Improving crop yield and enhancing plant stress resistance

Seaweed oligosaccharides can alleviate the damage caused to plants by stress (such as pesticides, drought, cold, heat, etc.) by inducing plant resistance substances, and play a role in regulating crop growth. Seaweed oligosaccharides can increase the content of soluble sugars and free proline in plant bodies, enhance the activity of plant antioxidant enzymes, induce the synthesis of phytoprotectants, reduce cell membrane permeability and malondialdehyde content, thereby improving plant stress resistance (Liu et al., 2009). Zhang Shoudong et al. (2015) investigated the alleviating effect of alginate oligosaccharides on the physiological characteristics of wheat under chlorpyrifos stress. The results showed that the concentration of alginate oligosaccharides treatment was significantly positively correlated with leaf cell membrane permeability, soluble sugars, and proline content. Among them, 0.4% alginate oligosaccharides had the most significant effect, which can increase plant resistance and slow down the damage caused by chlorpyrifos to plants.
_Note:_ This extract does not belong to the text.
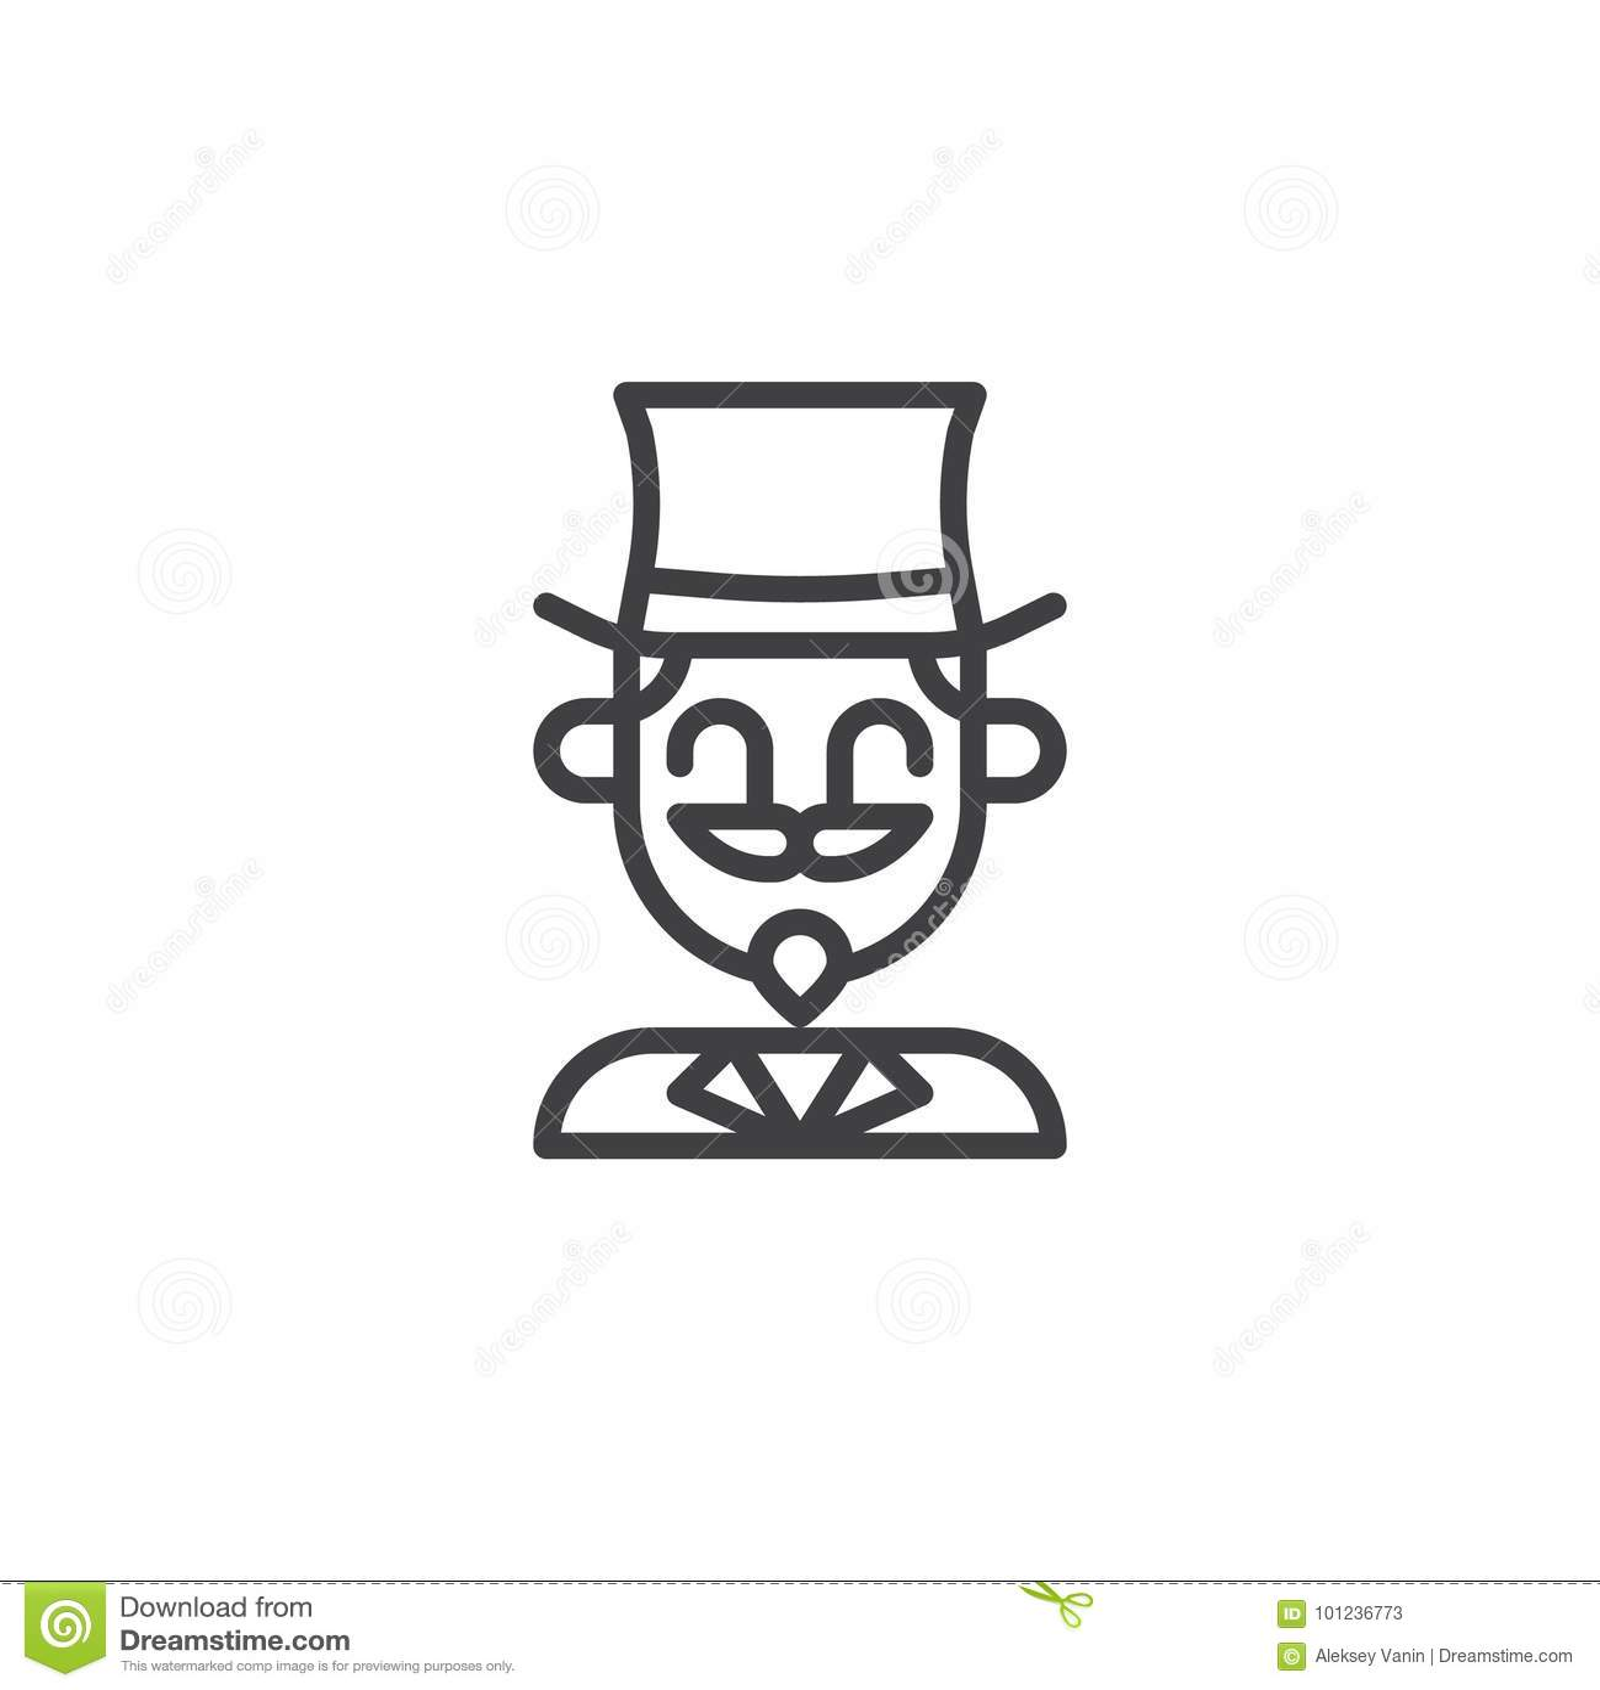 Tremendous Magician Circus Actor Line Icon Stock Vector Illustration Download Free Architecture Designs Licukmadebymaigaardcom

Promote plant nutrient absorption

The structure of seaweed oligosaccharides contains carboxyl and hydroxyl groups, which can combine with ammonium ions (NH4+) in nitrogen fertilizers to form complexes, thereby inhibiting the conversion of ammonium nitrogen (NH4+) to nitrate nitrogen (NO3-), reducing nitrogen loss and providing long-term nutrients to plants. Meanwhile, low-dose seaweed oligosaccharides can also promote the absorption of elements such as N, P, Ca, Mg, Mn, B, and Zn by plant roots. The extraction solution of seaweed oligosaccharides was thoroughly mixed with urea, calcium superphosphate, and potassium chloride (seaweed oligosaccharide enhancing urea) and applied to the soil. When the amount of seaweed oligosaccharides added was 0.4%, the utilization efficiency of nitrogen fertilizer, potassium fertilizer, and phosphorus fertilizer in corn increased by 49.59%, 24.30%, and 52.85%, respectively. At the same time, it promoted the improvement of the quality and yield of corn grains by 16.45% and 13.75%, respectively; The application of seaweed oligosaccharide enhanced urea to crops such as rapeseed, chrysanthemum, cucumber, eggplant, potato, radish, etc. showed that the nitrogen utilization efficiency and yield of leafy and eggplant fruit vegetables were significantly improved compared to the control group, but the effect of root and stem vegetables was not significant. Research has found that seaweed oligosaccharides can bind to exogenous Ca2+, increase the activity of related metabolic enzymes such as nitrate reductase (NR), glutamine synthase (GS), and glutamate dehydrogenase (GDH) in plant leaf cells, promote more NH4+to enter nitrogen metabolism, promote protein synthesis and accumulation, and affect plant growth. Low concentration brown algae oligosaccharide mixed solution can promote the growth of rice and peanuts; Field experiments have shown that a solution of 20-100 mg/L brown algae oligosaccharides can increase the yield of tea, carrots, and cabbage by 15% to 40%.